Data to use Start Marker
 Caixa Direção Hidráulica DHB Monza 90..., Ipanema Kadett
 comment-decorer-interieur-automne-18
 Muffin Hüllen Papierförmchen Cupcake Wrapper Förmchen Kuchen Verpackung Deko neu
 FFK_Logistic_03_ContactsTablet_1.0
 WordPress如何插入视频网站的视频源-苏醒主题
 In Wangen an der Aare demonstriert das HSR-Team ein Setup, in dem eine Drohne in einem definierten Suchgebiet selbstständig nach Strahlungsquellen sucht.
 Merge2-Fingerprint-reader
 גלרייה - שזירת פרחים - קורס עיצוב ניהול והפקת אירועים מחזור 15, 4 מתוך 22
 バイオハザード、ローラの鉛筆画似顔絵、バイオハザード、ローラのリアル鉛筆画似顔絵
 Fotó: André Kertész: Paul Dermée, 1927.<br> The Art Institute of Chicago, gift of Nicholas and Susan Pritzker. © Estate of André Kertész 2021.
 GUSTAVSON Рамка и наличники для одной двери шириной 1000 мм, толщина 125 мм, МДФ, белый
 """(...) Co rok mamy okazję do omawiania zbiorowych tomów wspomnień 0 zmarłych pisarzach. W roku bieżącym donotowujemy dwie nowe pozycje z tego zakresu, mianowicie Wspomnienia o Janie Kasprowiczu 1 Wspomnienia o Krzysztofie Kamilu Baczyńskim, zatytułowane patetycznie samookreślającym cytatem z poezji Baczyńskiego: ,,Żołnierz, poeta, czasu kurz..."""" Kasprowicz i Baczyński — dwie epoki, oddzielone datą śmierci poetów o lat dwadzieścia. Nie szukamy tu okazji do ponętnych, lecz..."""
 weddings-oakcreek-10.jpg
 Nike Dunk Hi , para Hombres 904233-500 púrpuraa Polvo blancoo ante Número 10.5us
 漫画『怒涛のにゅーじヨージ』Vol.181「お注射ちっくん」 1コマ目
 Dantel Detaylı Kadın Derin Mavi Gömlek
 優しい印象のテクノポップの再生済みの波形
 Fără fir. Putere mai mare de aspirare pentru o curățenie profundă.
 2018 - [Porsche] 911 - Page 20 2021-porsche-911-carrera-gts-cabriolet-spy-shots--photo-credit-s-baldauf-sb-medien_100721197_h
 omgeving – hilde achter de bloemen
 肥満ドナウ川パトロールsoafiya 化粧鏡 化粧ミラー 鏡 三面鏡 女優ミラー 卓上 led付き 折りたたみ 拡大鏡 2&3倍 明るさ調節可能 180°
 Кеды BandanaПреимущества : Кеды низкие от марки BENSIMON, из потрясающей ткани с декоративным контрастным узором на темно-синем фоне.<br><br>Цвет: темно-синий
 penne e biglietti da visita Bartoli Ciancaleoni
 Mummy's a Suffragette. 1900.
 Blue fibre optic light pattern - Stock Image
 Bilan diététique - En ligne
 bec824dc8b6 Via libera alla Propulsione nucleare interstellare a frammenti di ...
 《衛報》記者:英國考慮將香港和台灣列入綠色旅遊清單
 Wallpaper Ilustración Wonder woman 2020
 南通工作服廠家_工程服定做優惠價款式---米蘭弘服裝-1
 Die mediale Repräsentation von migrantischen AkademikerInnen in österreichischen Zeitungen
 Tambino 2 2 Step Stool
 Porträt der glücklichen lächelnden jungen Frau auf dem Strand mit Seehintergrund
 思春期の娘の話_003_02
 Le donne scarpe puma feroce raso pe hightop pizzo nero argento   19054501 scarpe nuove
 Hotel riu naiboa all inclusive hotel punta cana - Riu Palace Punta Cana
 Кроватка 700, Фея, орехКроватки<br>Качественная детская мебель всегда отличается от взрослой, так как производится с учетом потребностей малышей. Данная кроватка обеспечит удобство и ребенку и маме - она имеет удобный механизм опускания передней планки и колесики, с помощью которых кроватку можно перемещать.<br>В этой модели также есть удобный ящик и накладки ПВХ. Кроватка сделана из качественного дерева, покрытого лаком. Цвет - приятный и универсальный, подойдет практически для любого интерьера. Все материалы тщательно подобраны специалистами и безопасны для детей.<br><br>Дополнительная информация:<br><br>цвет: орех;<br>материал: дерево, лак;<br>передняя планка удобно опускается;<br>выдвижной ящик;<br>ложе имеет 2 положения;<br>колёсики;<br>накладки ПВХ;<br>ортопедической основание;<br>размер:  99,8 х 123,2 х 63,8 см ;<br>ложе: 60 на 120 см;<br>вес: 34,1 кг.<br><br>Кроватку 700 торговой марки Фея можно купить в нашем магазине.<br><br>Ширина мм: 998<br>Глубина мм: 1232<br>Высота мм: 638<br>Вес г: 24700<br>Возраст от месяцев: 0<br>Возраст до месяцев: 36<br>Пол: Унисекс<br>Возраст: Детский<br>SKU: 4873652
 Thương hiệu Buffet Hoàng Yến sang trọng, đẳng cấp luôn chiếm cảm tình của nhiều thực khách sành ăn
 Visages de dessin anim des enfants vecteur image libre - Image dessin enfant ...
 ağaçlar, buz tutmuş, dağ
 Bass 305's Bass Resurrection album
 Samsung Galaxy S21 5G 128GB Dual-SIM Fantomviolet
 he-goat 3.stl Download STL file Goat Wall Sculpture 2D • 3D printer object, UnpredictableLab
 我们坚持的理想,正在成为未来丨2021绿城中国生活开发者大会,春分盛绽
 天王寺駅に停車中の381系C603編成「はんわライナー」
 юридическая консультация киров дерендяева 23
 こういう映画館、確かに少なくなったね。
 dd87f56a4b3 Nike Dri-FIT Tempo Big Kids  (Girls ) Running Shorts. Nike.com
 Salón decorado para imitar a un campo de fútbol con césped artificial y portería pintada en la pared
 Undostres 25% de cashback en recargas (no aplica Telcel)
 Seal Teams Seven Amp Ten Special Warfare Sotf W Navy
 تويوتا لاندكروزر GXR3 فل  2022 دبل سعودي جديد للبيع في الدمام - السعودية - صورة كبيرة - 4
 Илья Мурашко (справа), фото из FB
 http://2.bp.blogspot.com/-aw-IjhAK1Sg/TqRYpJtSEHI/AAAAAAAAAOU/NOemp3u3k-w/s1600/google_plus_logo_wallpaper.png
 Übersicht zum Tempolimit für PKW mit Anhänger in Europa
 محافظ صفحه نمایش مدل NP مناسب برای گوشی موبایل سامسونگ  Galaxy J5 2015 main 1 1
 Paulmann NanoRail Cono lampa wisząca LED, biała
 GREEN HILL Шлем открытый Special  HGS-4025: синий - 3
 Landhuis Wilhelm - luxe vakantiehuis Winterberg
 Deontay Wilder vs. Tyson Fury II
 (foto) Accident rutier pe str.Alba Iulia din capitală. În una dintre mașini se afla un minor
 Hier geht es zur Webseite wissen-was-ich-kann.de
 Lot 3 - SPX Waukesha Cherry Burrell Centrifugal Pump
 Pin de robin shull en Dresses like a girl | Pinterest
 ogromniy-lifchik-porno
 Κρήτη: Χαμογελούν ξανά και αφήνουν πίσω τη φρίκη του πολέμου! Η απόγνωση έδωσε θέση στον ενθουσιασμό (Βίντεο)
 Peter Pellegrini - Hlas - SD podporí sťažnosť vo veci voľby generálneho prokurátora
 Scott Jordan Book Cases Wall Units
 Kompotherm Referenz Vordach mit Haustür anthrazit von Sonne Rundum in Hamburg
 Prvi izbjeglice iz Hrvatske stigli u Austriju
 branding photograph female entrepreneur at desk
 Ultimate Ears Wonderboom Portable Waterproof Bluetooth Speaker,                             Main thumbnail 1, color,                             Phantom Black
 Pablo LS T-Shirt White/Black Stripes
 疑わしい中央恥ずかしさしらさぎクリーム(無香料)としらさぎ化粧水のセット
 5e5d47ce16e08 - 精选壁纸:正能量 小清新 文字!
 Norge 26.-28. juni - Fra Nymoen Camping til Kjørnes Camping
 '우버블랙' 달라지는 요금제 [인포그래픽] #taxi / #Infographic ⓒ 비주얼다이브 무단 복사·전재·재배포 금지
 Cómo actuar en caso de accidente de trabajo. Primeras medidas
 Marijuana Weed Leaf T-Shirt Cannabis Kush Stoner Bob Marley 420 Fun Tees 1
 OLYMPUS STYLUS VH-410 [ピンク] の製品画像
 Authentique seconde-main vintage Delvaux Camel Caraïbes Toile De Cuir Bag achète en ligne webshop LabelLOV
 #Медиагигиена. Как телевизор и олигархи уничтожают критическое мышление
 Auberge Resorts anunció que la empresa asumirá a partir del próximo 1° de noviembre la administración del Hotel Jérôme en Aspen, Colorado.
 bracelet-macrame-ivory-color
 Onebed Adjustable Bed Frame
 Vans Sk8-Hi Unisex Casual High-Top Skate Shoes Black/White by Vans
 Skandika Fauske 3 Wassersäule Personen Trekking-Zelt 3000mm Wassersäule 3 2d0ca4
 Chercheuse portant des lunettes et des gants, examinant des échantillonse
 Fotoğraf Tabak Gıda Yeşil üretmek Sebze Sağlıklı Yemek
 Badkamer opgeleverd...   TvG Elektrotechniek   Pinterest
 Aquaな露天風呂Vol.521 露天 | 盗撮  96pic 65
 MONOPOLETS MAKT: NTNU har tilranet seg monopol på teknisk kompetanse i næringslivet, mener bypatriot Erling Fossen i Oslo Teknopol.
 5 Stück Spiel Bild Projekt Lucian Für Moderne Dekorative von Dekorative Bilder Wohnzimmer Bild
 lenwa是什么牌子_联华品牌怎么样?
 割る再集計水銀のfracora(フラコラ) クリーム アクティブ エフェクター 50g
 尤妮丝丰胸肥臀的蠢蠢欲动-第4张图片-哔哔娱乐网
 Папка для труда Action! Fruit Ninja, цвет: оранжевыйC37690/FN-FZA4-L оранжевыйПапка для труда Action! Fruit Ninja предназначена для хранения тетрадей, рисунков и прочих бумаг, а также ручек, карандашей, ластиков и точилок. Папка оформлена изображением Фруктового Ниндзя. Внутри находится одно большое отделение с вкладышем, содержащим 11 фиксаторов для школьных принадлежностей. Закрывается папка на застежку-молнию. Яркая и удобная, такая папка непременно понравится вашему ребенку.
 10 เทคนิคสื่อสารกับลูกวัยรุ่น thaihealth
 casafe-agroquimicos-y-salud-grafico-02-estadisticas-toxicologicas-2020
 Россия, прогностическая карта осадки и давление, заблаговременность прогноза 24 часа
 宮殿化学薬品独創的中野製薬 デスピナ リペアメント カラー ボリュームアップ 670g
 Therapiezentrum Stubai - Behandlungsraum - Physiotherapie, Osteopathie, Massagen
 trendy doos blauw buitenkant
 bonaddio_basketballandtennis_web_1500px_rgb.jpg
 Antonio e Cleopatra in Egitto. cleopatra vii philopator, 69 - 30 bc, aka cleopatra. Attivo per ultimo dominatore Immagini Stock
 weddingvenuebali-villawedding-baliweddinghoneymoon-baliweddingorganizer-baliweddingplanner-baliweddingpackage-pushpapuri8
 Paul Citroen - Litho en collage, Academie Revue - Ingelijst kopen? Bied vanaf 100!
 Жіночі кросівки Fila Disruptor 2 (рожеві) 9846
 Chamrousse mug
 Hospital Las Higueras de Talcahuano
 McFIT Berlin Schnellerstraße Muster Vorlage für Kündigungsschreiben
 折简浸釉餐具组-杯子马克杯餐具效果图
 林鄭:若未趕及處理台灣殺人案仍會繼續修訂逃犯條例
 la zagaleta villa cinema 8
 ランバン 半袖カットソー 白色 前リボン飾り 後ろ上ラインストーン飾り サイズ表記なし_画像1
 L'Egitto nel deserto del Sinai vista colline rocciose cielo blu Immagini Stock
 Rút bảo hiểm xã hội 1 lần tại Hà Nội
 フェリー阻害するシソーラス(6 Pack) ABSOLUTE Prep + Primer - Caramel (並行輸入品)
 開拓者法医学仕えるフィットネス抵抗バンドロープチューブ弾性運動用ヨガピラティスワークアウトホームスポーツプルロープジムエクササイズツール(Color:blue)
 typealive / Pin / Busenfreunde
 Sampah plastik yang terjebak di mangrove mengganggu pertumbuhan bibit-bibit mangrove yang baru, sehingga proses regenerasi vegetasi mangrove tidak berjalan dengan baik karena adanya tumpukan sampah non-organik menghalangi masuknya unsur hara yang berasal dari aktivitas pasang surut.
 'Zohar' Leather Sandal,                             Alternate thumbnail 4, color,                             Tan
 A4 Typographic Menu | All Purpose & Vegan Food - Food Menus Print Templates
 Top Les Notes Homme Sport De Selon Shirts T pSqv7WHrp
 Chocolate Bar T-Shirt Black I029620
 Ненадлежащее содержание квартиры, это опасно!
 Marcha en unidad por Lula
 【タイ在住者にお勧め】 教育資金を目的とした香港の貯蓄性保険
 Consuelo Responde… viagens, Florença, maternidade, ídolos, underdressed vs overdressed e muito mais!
Data to use End Marker
Exercise objective:
Using the entries shown above, reproduce verbatim the lines from the line bearing "In Wangen an" to the line bearing "南通工作服廠家_工程服定做優惠價款式---米蘭弘服裝-1", inclusive.

Task solution:
 In Wangen an der Aare demonstriert das HSR-Team ein Setup, in dem eine Drohne in einem definierten Suchgebiet selbstständig nach Strahlungsquellen sucht.
 Merge2-Fingerprint-reader
 גלרייה - שזירת פרחים - קורס עיצוב ניהול והפקת אירועים מחזור 15, 4 מתוך 22
 バイオハザード、ローラの鉛筆画似顔絵、バイオハザード、ローラのリアル鉛筆画似顔絵
 Fotó: André Kertész: Paul Dermée, 1927.<br> The Art Institute of Chicago, gift of Nicholas and Susan Pritzker. © Estate of André Kertész 2021.
 GUSTAVSON Рамка и наличники для одной двери шириной 1000 мм, толщина 125 мм, МДФ, белый
 """(...) Co rok mamy okazję do omawiania zbiorowych tomów wspomnień 0 zmarłych pisarzach. W roku bieżącym donotowujemy dwie nowe pozycje z tego zakresu, mianowicie Wspomnienia o Janie Kasprowiczu 1 Wspomnienia o Krzysztofie Kamilu Baczyńskim, zatytułowane patetycznie samookreślającym cytatem z poezji Baczyńskiego: ,,Żołnierz, poeta, czasu kurz..."""" Kasprowicz i Baczyński — dwie epoki, oddzielone datą śmierci poetów o lat dwadzieścia. Nie szukamy tu okazji do ponętnych, lecz..."""
 weddings-oakcreek-10.jpg
 Nike Dunk Hi , para Hombres 904233-500 púrpuraa Polvo blancoo ante Número 10.5us
 漫画『怒涛のにゅーじヨージ』Vol.181「お注射ちっくん」 1コマ目
 Dantel Detaylı Kadın Derin Mavi Gömlek
 優しい印象のテクノポップの再生済みの波形
 Fără fir. Putere mai mare de aspirare pentru o curățenie profundă.
 2018 - [Porsche] 911 - Page 20 2021-porsche-911-carrera-gts-cabriolet-spy-shots--photo-credit-s-baldauf-sb-medien_100721197_h
 omgeving – hilde achter de bloemen
 肥満ドナウ川パトロールsoafiya 化粧鏡 化粧ミラー 鏡 三面鏡 女優ミラー 卓上 led付き 折りたたみ 拡大鏡 2&3倍 明るさ調節可能 180°
 Кеды BandanaПреимущества : Кеды низкие от марки BENSIMON, из потрясающей ткани с декоративным контрастным узором на темно-синем фоне.<br><br>Цвет: темно-синий
 penne e biglietti da visita Bartoli Ciancaleoni
 Mummy's a Suffragette. 1900.
 Blue fibre optic light pattern - Stock Image
 Bilan diététique - En ligne
 bec824dc8b6 Via libera alla Propulsione nucleare interstellare a frammenti di ...
 《衛報》記者:英國考慮將香港和台灣列入綠色旅遊清單
 Wallpaper Ilustración Wonder woman 2020
 南通工作服廠家_工程服定做優惠價款式---米蘭弘服裝-1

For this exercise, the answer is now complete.